> **Data section**
***
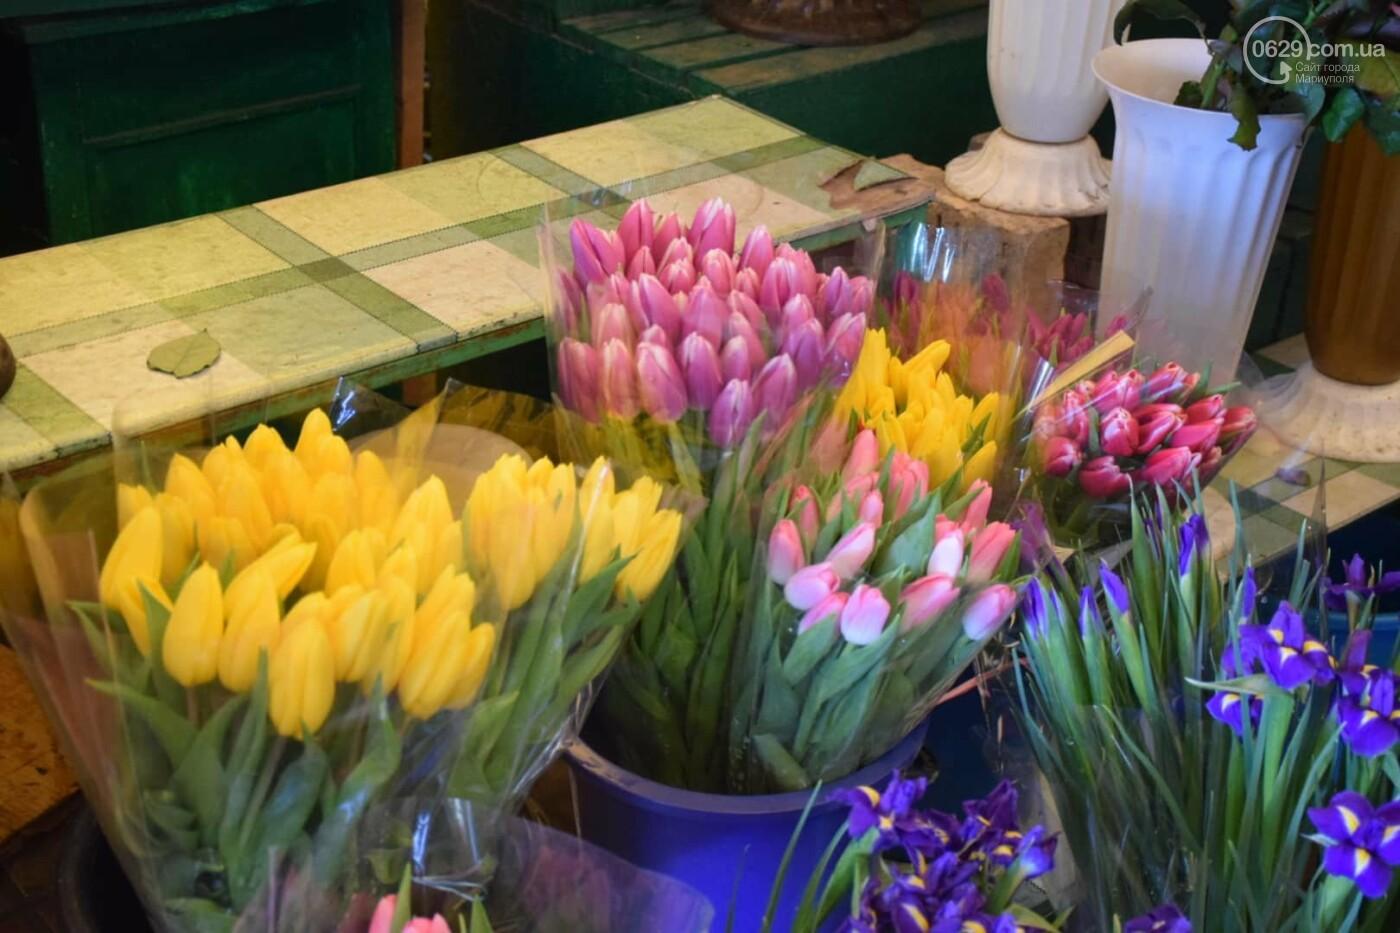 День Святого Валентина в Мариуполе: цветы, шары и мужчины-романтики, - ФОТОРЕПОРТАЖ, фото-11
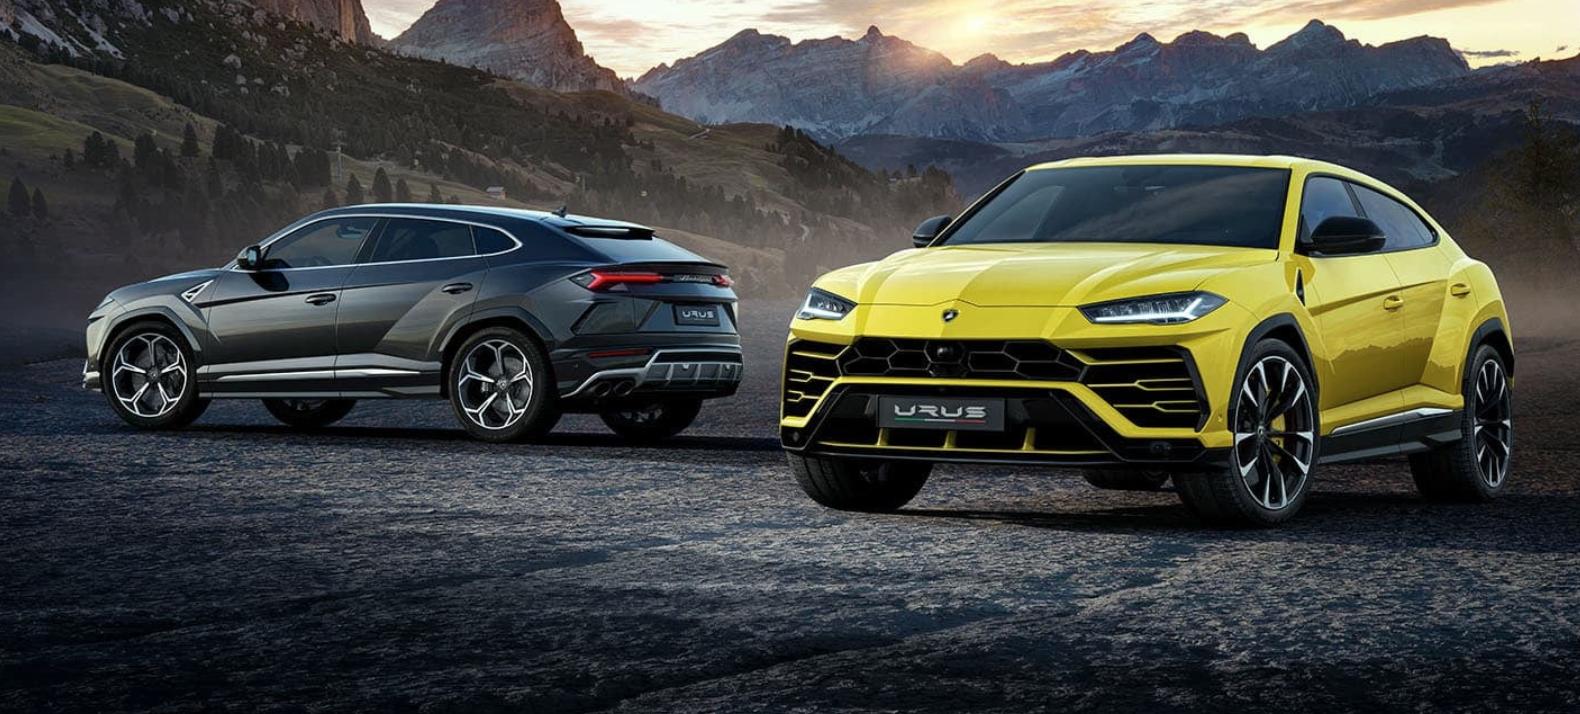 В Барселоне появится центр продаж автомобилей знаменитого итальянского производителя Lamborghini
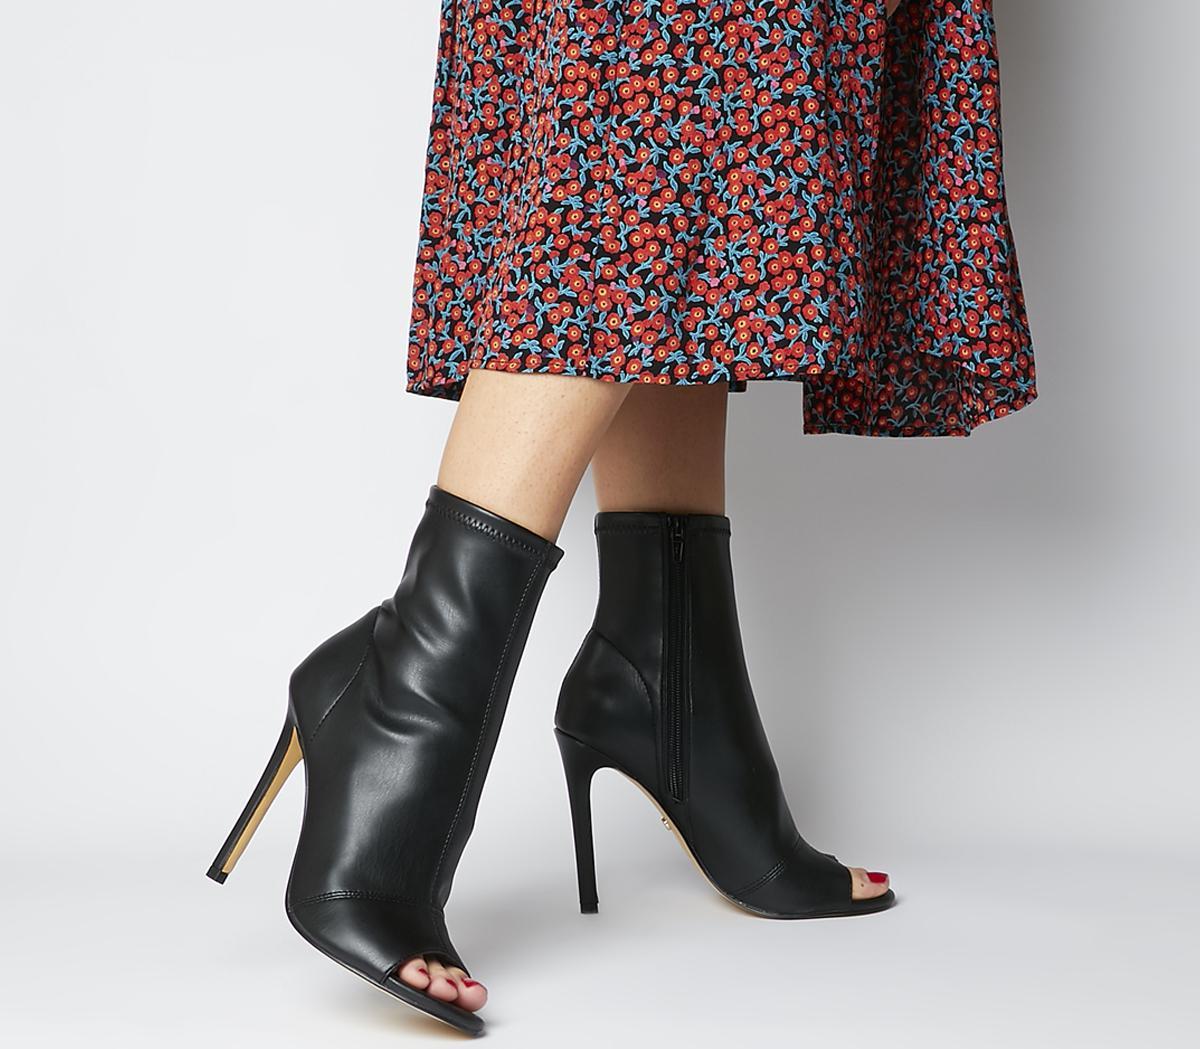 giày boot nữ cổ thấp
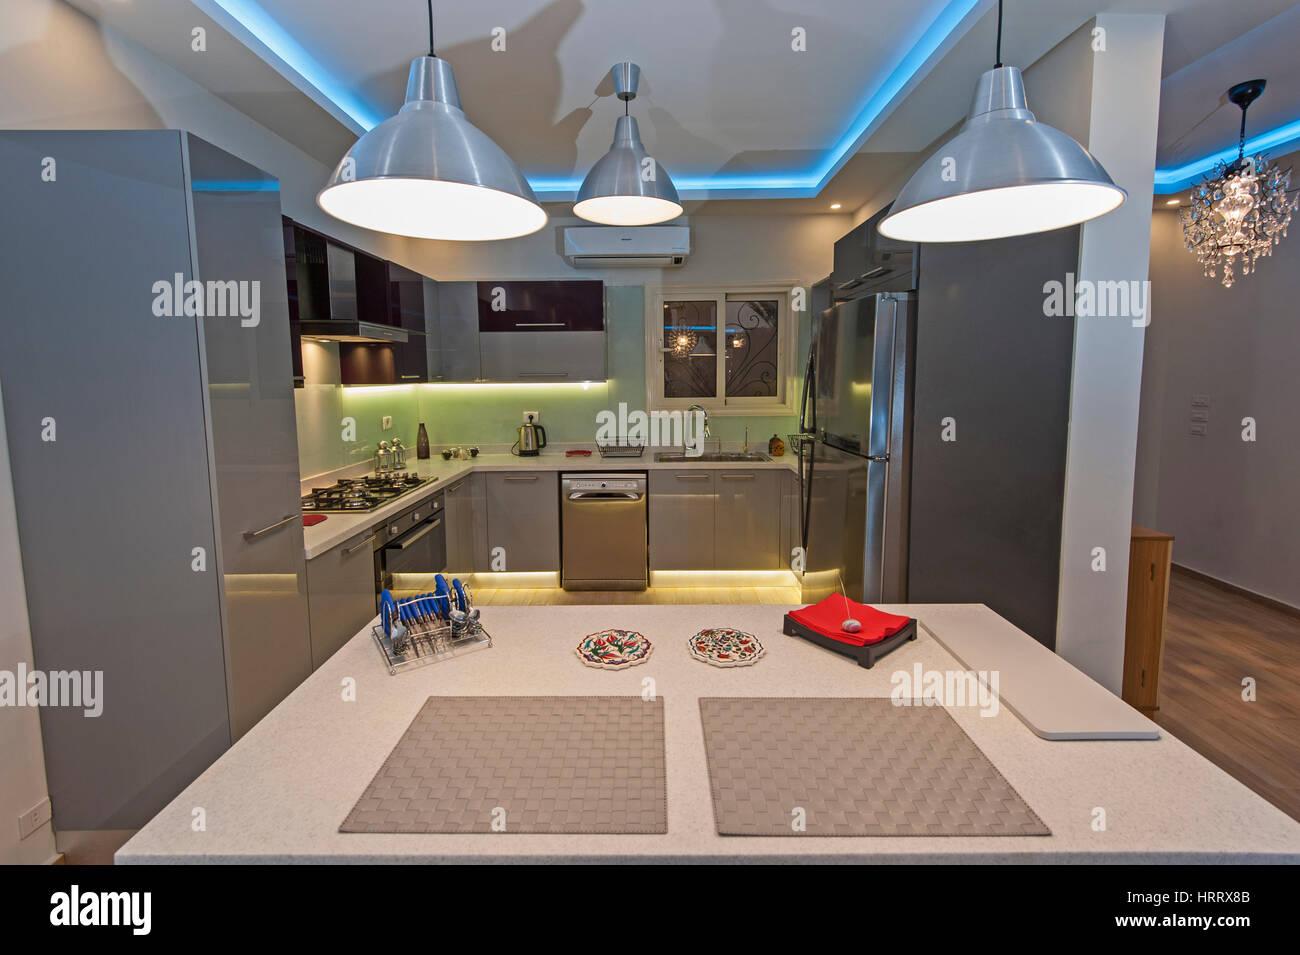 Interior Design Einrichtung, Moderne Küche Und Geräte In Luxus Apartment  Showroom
***
> **What is required**
Exactly as given, transcribe every line of the data, but not its images.

> **Answer area**
 День Святого Валентина в Мариуполе: цветы, шары и мужчины-романтики, - ФОТОРЕПОРТАЖ, фото-11
 В Барселоне появится центр продаж автомобилей знаменитого итальянского производителя Lamborghini
 giày boot nữ cổ thấp
 Interior Design Einrichtung, Moderne Küche Und Geräte In Luxus Apartment  Showroom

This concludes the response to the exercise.